Vanderbilt estimated the tranche would deliver 20% annual returns; Foy could not see how. The Board voted 4-2 to invest $90 million in the CDO. It would not be the last for the state: Kay Chippeaux, who managed money for New Mexico’s State Investment Council (and contributed to Bill Richardson, told Bloomberg that by April of that year her fund had $225 million invested in “equity” tranche CDOs and its board had voted to invest $300 million more. In May the ERB received its second and last interest payment from Vanderbilt, the two of which totaled $3.7 million. In August the fund received a letter from Vanderbilt blaming “cash flow” problems for a suspension of interest payments. The rest was gone.

That December Foy was accused of sexual harassment in what he claims was a ploy to get rid of him; he was found guilty on three charges but claims the charges were fictitious. He was demoted and eventually all but forced to retire, the lawsuit claims. Whatever one makes of charges against Foy, the very questionable investment he notes, speaks for itself. Banks pawned off “equity tranches” on a multitude of public pension funds during the height of the height of the bubble, but no fund’s exposure to the risky assets even approached New Mexico’s. (Although CalPERS looks like it was the second most aggressive toxic waste acquirer.)

Foy never figured out who got what out of the deal, save for the 20 banks and asset management firms that collected fees to put it together. But the son of one of Richardson’s closest associates turned out to be the “placement agent” on the deal — and 23 others that netted him more than $11.5 million in fees.

And that son, it probably wouldn’t surprise Tom Flanigan to learn, sometimes collects fees through a placement agency owned by the son-in-law of that persuasive CalPERS board member Jerry Cremins — who is in turn accused of participating, along with the yacht-flipping consultant Chris Bower and a host of other politically-connected professional pension fund skimmers, in the $35 million state-run conspiracy to defraud the pension fund in New York.

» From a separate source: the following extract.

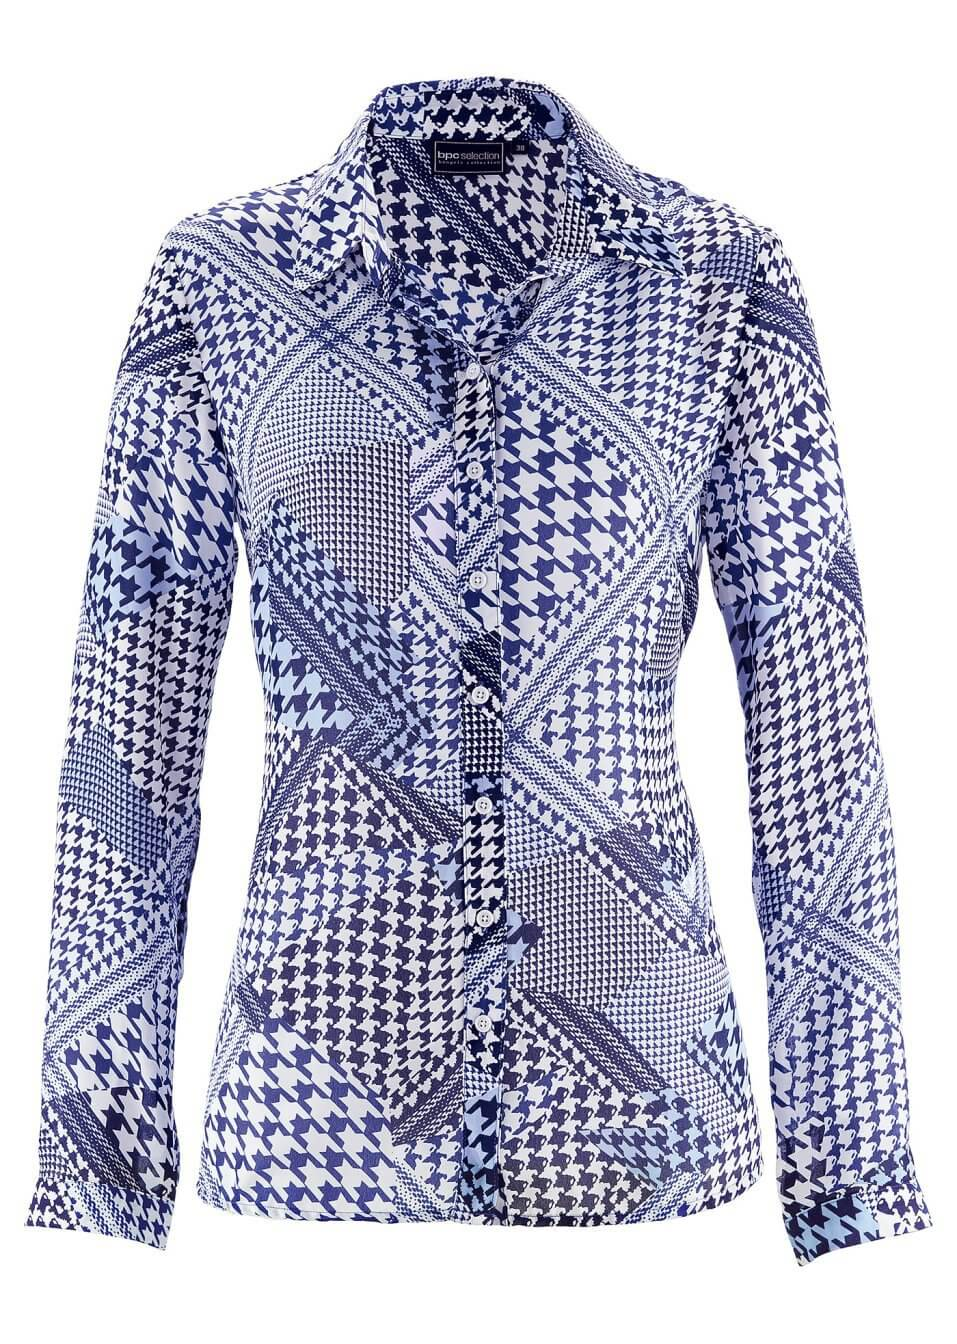 Koszula-krata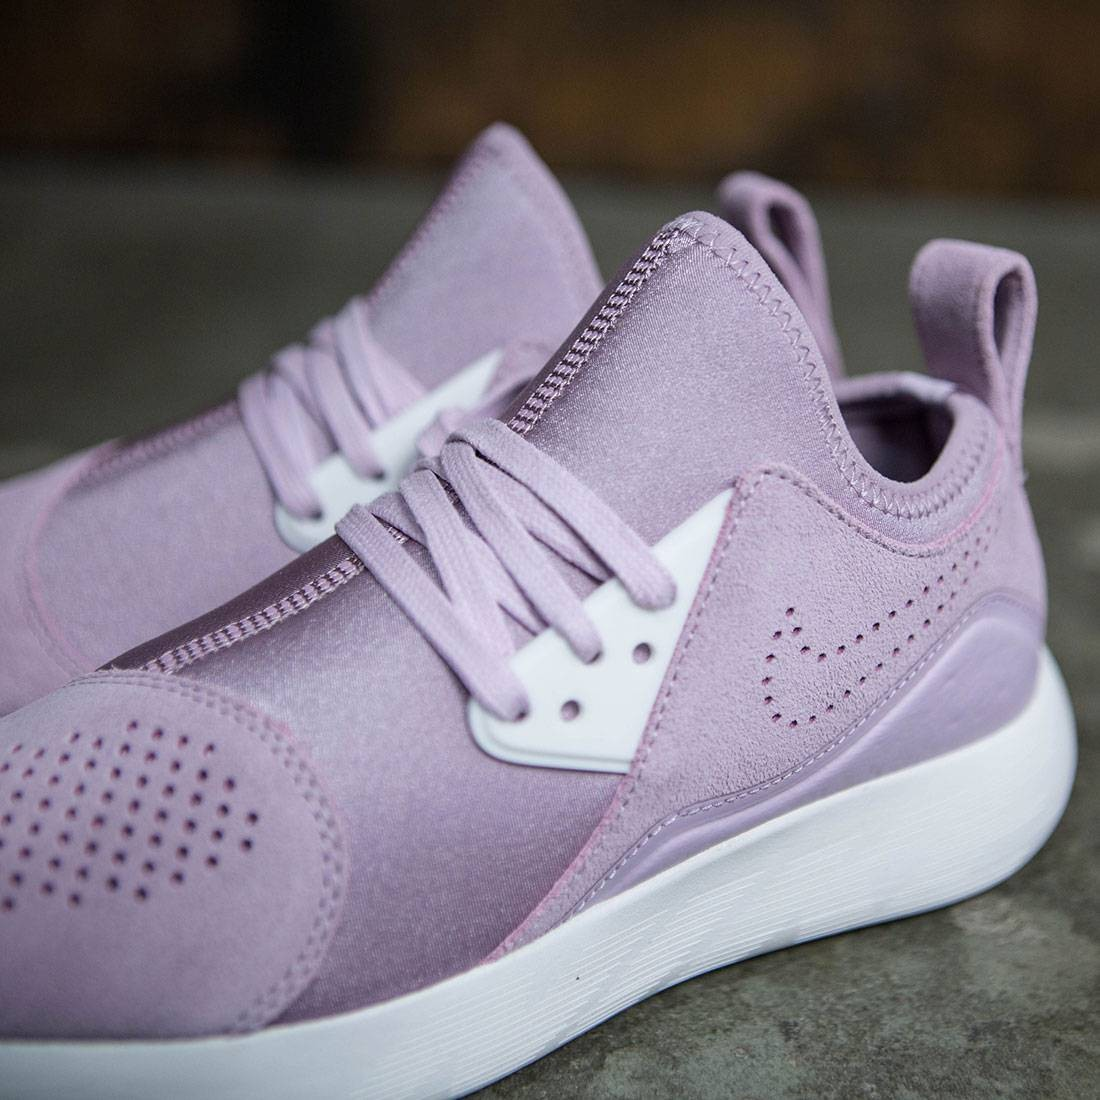 los angeles f7b14 7c526 Nike Women Wmns Nike Lunarcharge Premium (iced lilac   summit white-plum  fog-volt)

New York finally got around to banning hedge funds and private equity firms from paying “finder’s fees” for investments in the pension fund — but not before an assortment of politicos and Wall Street banks succeeded in assembling an extensive Rolodex of quid pro quo-inclined money and managers. In many cases, that same Rolodex was deployed to peddle interest rate swaps and other risky derivatives on cities, states and public works programs.

While most of Wall Street’s worst abuses were carried out by people sufficiently divorced from the consequences of their actions — by screens and spreadsheets and the detaching effects of “securitization” — to perceive them as victimless crimes, the ever-expanding pay-to-play scandal involves a much more direct plundering of the public sector and the retirement funds of those who work within it to enrich Wall Street. Its complexities are still mind-numbing, but this is only financial scandal where you’ll find characters like Rod Blagojevich. We’ll be introducing you to some more of its boldface names over the coming days.